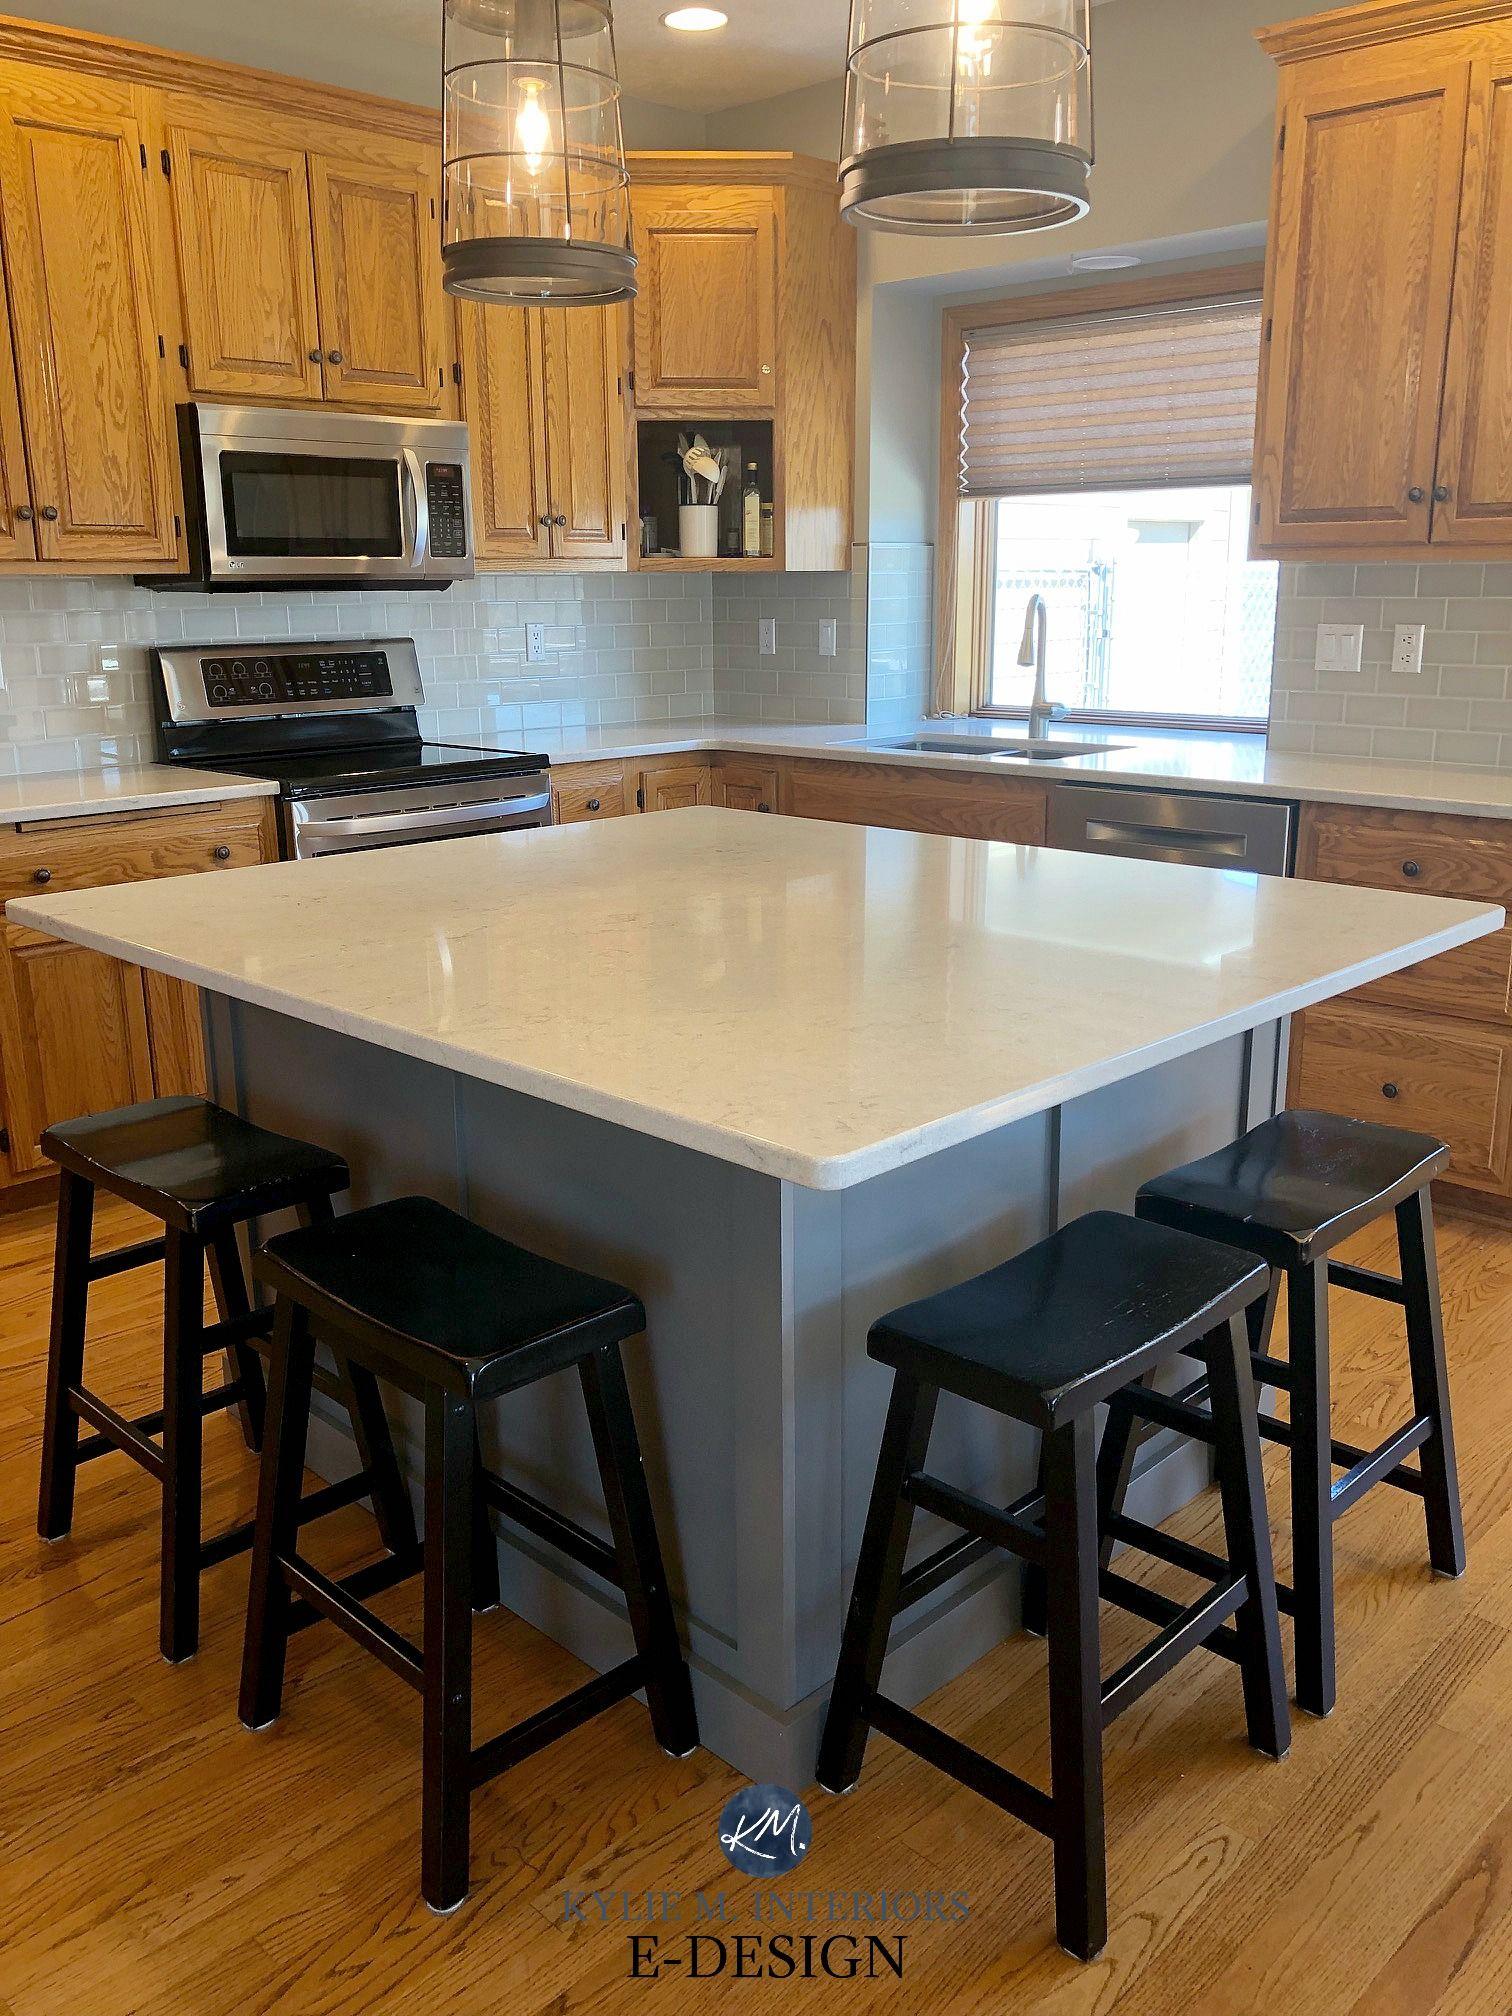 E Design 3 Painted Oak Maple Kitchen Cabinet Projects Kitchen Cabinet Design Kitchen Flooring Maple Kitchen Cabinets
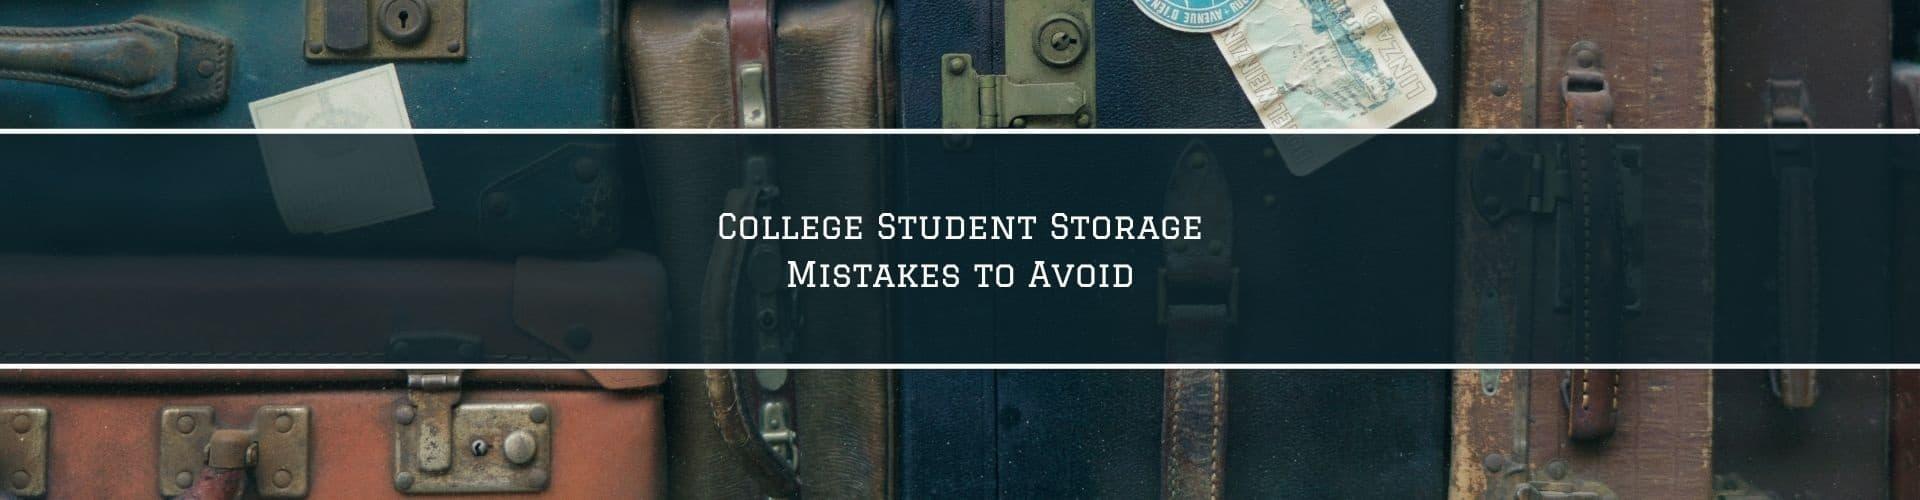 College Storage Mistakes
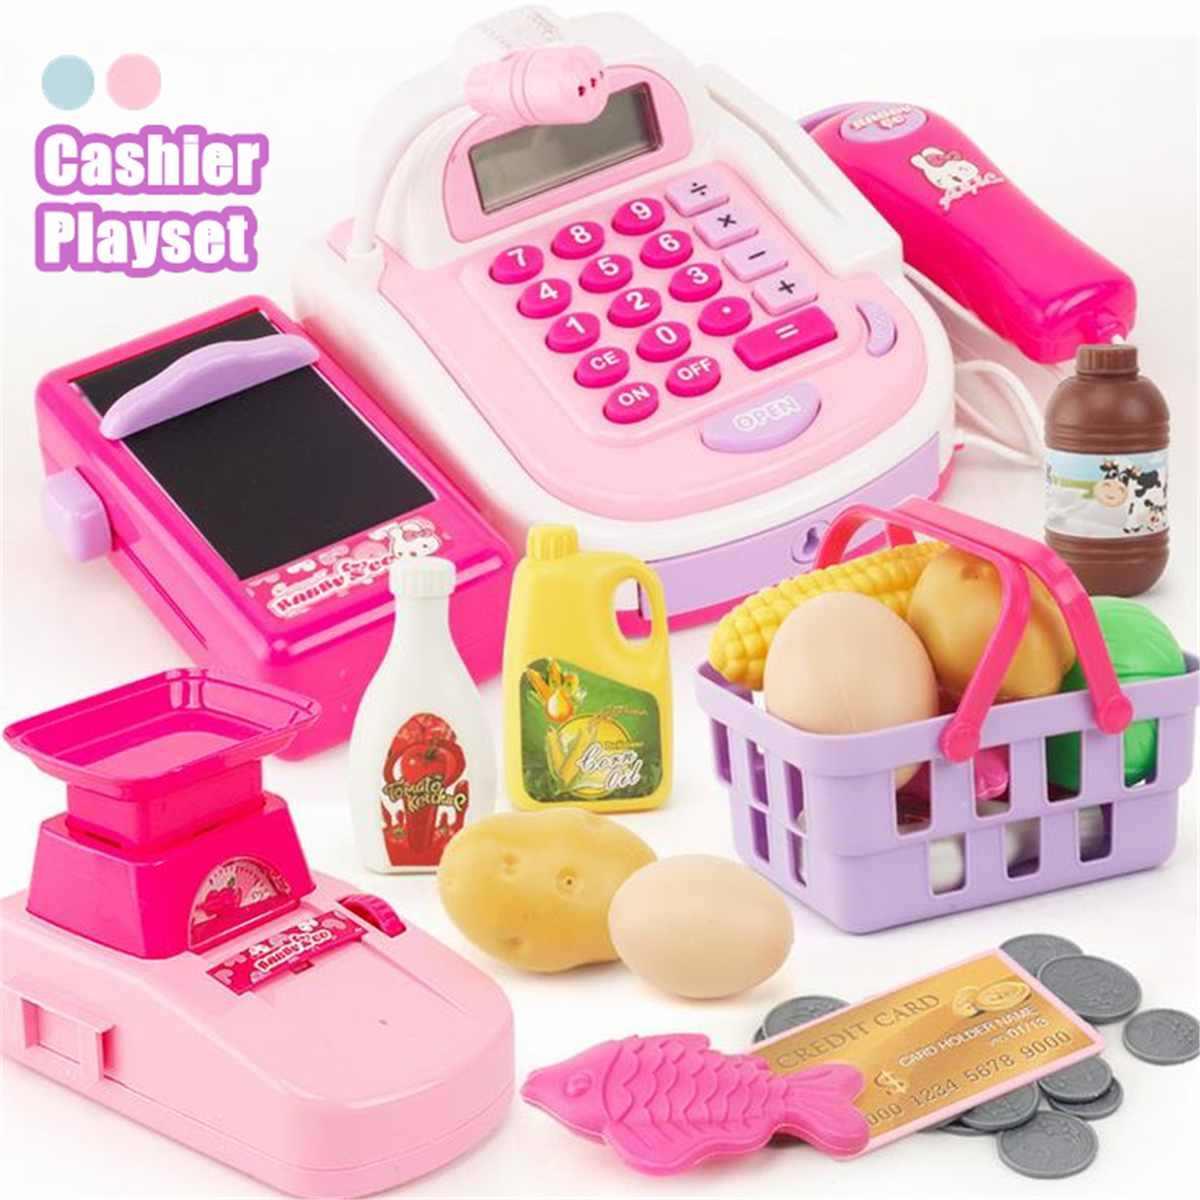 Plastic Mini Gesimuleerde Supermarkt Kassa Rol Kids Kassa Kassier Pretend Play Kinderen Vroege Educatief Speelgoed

-=-=-=-=-

* _Assignment_: Word for word, repeat the lines of data above, omitting every picture.

* _Response_:
 E Design 3 Painted Oak Maple Kitchen Cabinet Projects Kitchen Cabinet Design Kitchen Flooring Maple Kitchen Cabinets
 College Storage Mistakes
 Plastic Mini Gesimuleerde Supermarkt Kassa Rol Kids Kassa Kassier Pretend Play Kinderen Vroege Educatief Speelgoed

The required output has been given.